Ainsi, dans son rythme et ses images, le texte reflète l’apathie de Frédéric contemplant
oisivement Paris : l’image de la ville oscille entre monotonie et beauté des monuments.

Second mouvement :
Les deux CC de but et de manière (« pour se débarrasser de lui-même » / « au hasard ») traduisent
l’idée que la déambulation de Frédéric souligne son mal-être : le mouvement n’est en fait dû qu’à
la fuite de soi et il est dépourvu de véritable but.
On retrouve à nouveau le lexique de l’ennui (« désert », « étudiants […] partis », « silence », « plus
morne »…), voire du sommeil et de l’absence (« ronflement », « bâillait », « cafés solitaires ») : le
narrateur dépeint une ville endormie sous l’effet de la chaleur et du calme, dû à l’absence des
étudiants. Le décor reflète l’état d’â me du personnage apathique et nonchalant.
Par des références à l’ouïe et au toucher (« entendait », « bruits paisibles », « ronflement »…) +
énumérations lignes 18-19, Flaubert plonge le lecteur dans l’atmosphère tiède et silencieuse de
la ville. De même, la douceur des évocations (« paisibles », « battements d’ailes », « frissonnaient »,
« bouffées du vent tiède ») invite à la nonchalance qui prévaut dans la totalité de l’extrait.
On notera que les phrases complexes comptent des propositions majoritairement juxtaposées
(lignes 17 et 19) + rythme ternaire qui représente l’étirement du temps, comme au début du
texte, ainsi que la langueur du personnage, l’absence d’actions.
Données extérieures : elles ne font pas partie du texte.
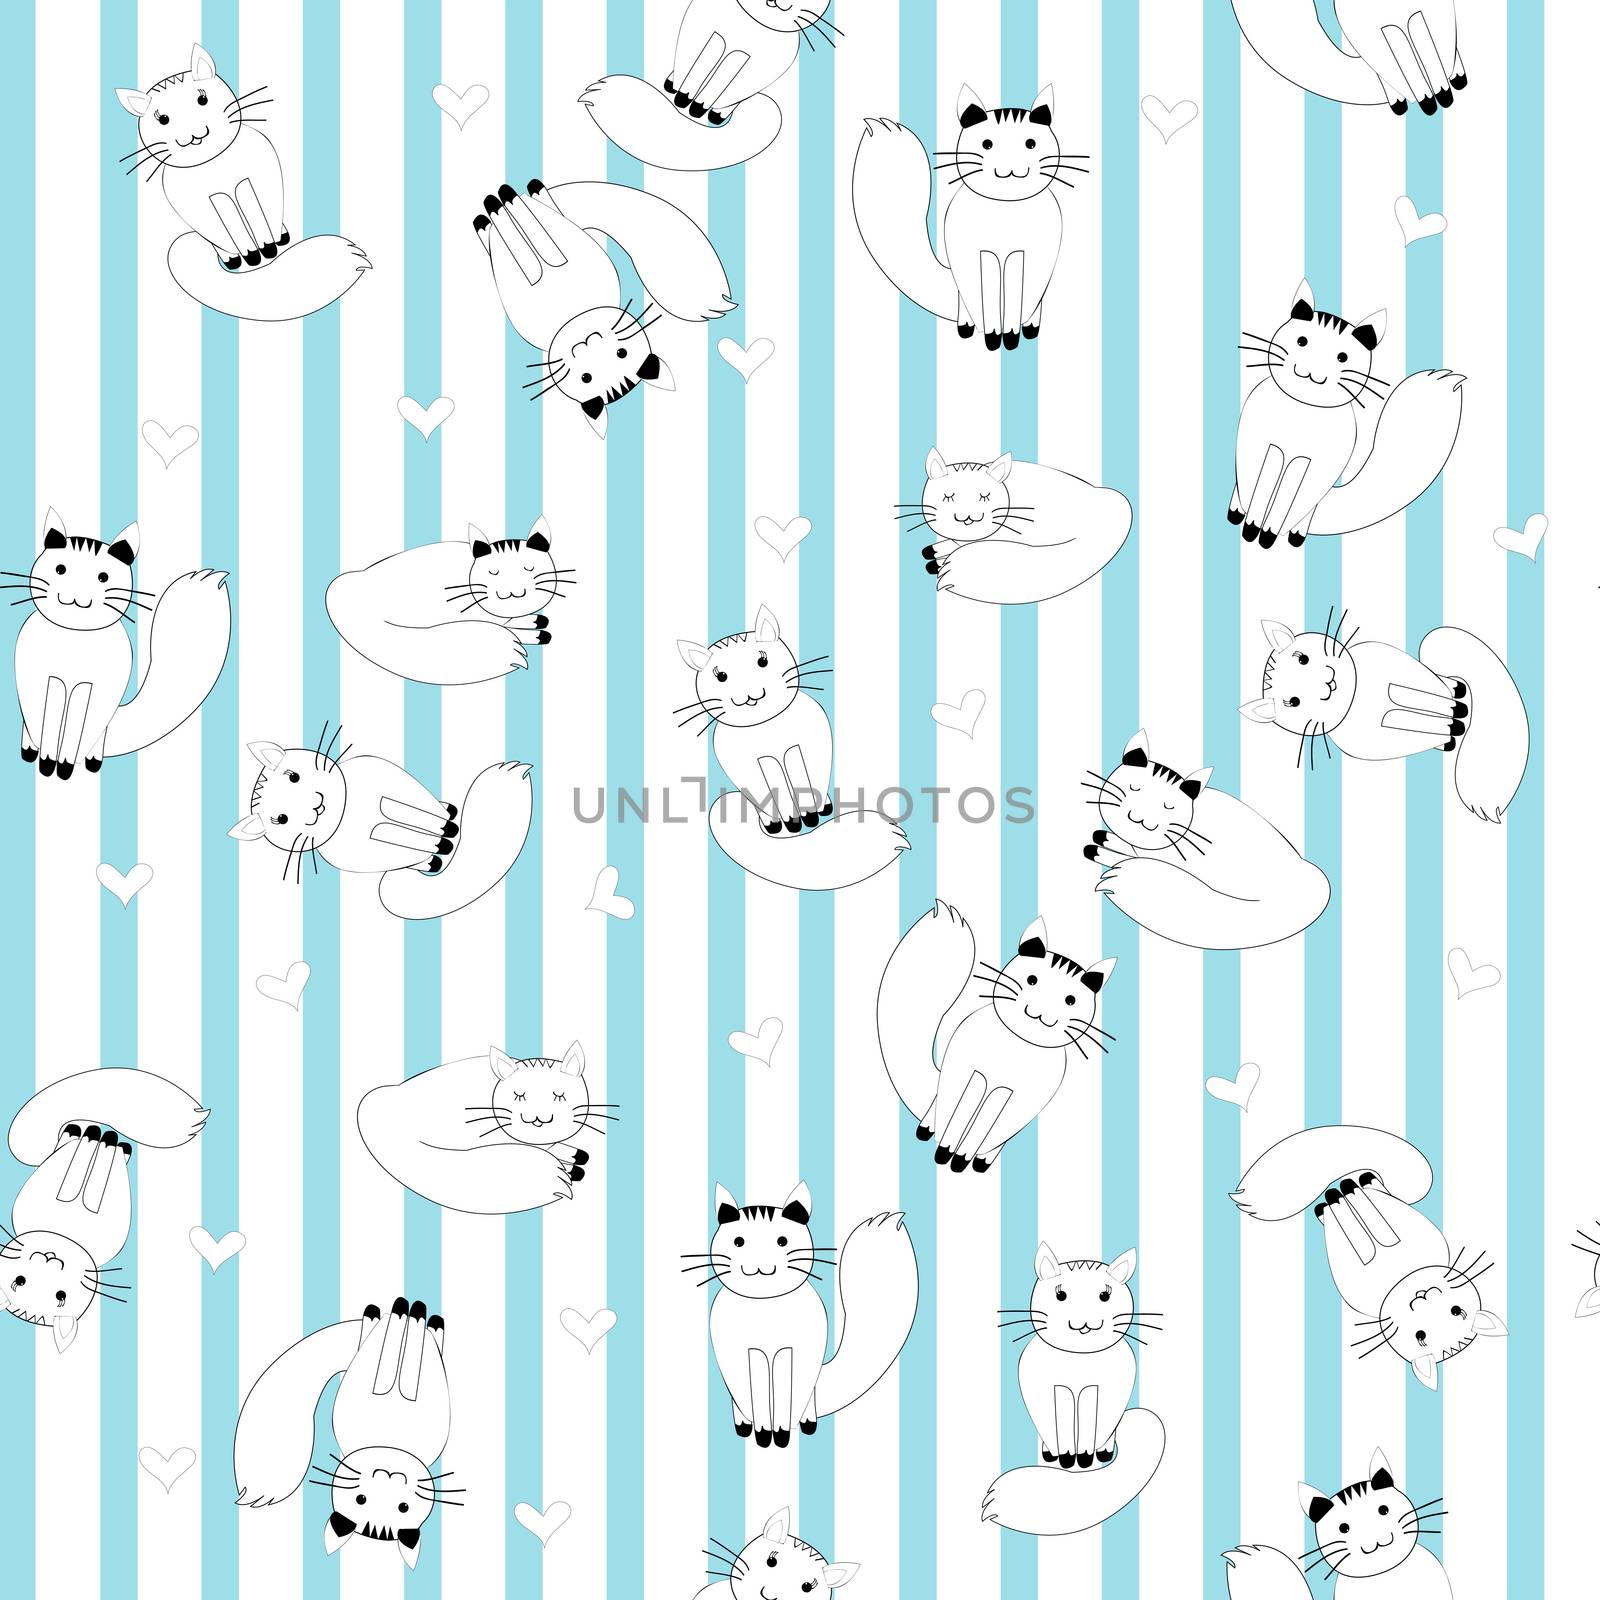 Cartoon cats on stripes background by hibrida13
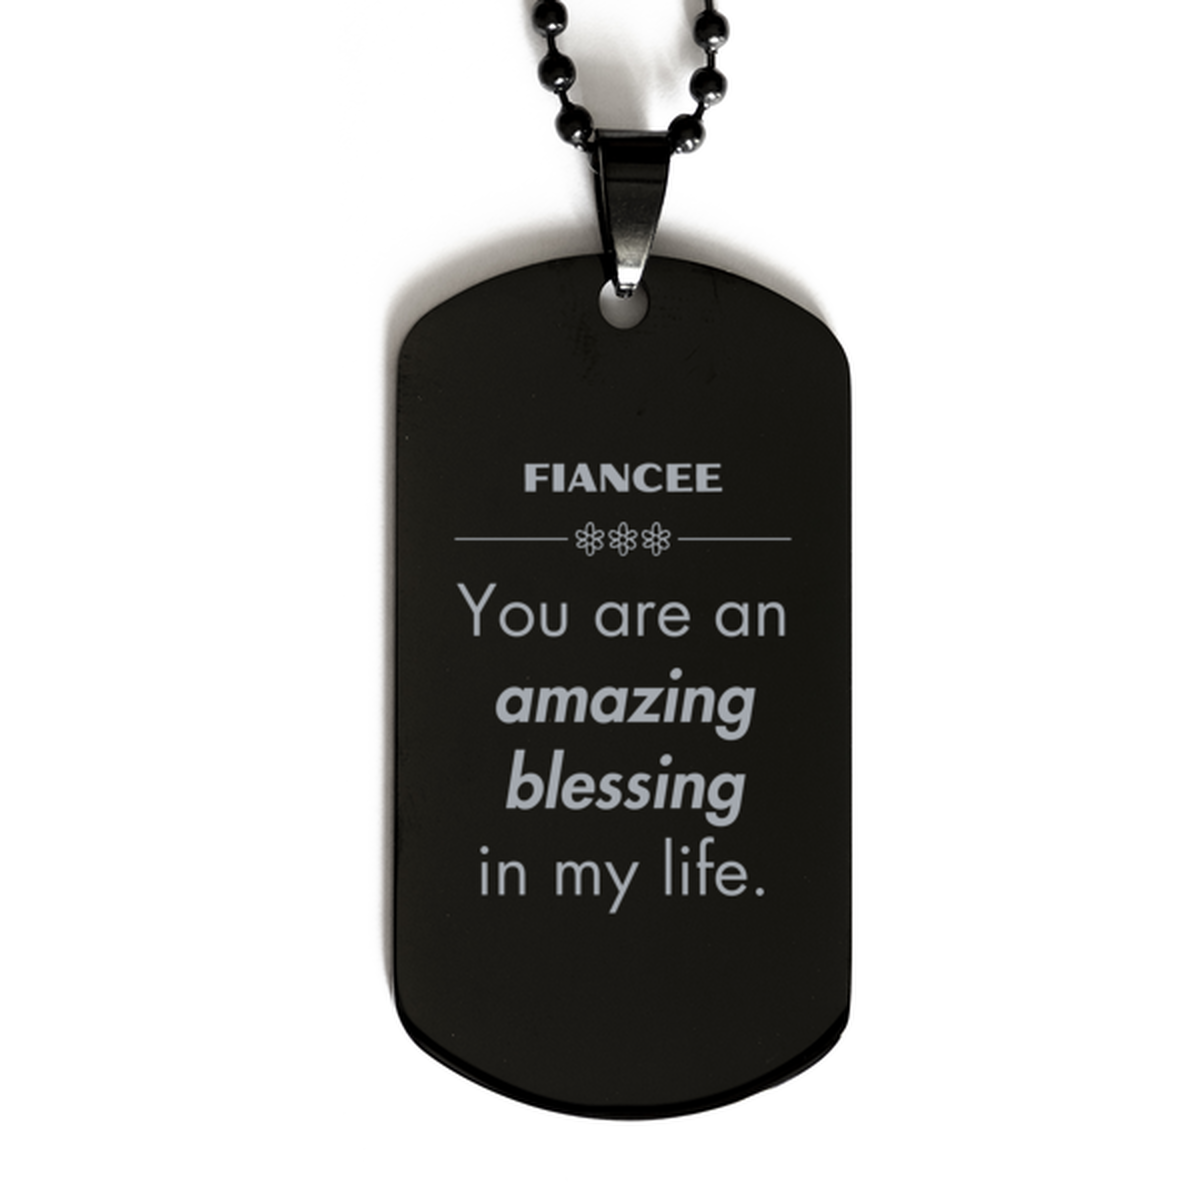 Fiancee Black Dog Tag, You are an amazing blessing in my life, Thank You Gifts For Fiancee, Inspirational Birthday Christmas Unique Gifts For Fiancee

Le narrateur juxtapose des
indications, donnant ainsi à voir une ville figée.
Ligne 22, le texte revient sur la figure de Frédéric par le retour du pronom personnel « il » qui se
réfère au jeune homme. Mais les verbes dont il est le sujet indiquent une limite, un abandon
(« s’arrêtait », « n’allait pas plus loin »). Le seul mouvement qu’il effectue lui est imposé par le
passage d’un omnibus (« Omnibus » sujet du verbe tandis que le pronom qui désigne Frédéric est
en position objet : « le faisait se retourner », lignes 23-24). En fait, Frédéric reste plus passif
qu’actif.
En étant le tableau de l’errance du personnage, la ville reflète bien l’état languissant de la fin de
la monarchie de juillet et l’apathie de Frédéric, personnage passif et mélancolique.

CCL/ Avec L’É ducation sentimentale, Flaubert signe l’un des romans d’apprentissage les plus en
phase avec l’époque et les circonstances qui entourent la jeunesse du XIXème siècle. Son
personnage principal, Frédéric Moreau incarne le jeune homme romantique, rêveur, épris d’un
idéal qu’il est incapable d’atteindre. Son errance illustre une perte d’énergie et l’incapacité d’agir
qui en découle. Symbole d’une société qui tente de trouver un équilibre dans un monde
malmené par l’instabilité politique du moment. Frédéric s’inscrit dans la lignée des héros du
XIXème, en quête de bonheur, à l’instar de Raphaël dans La Peau de chagrin.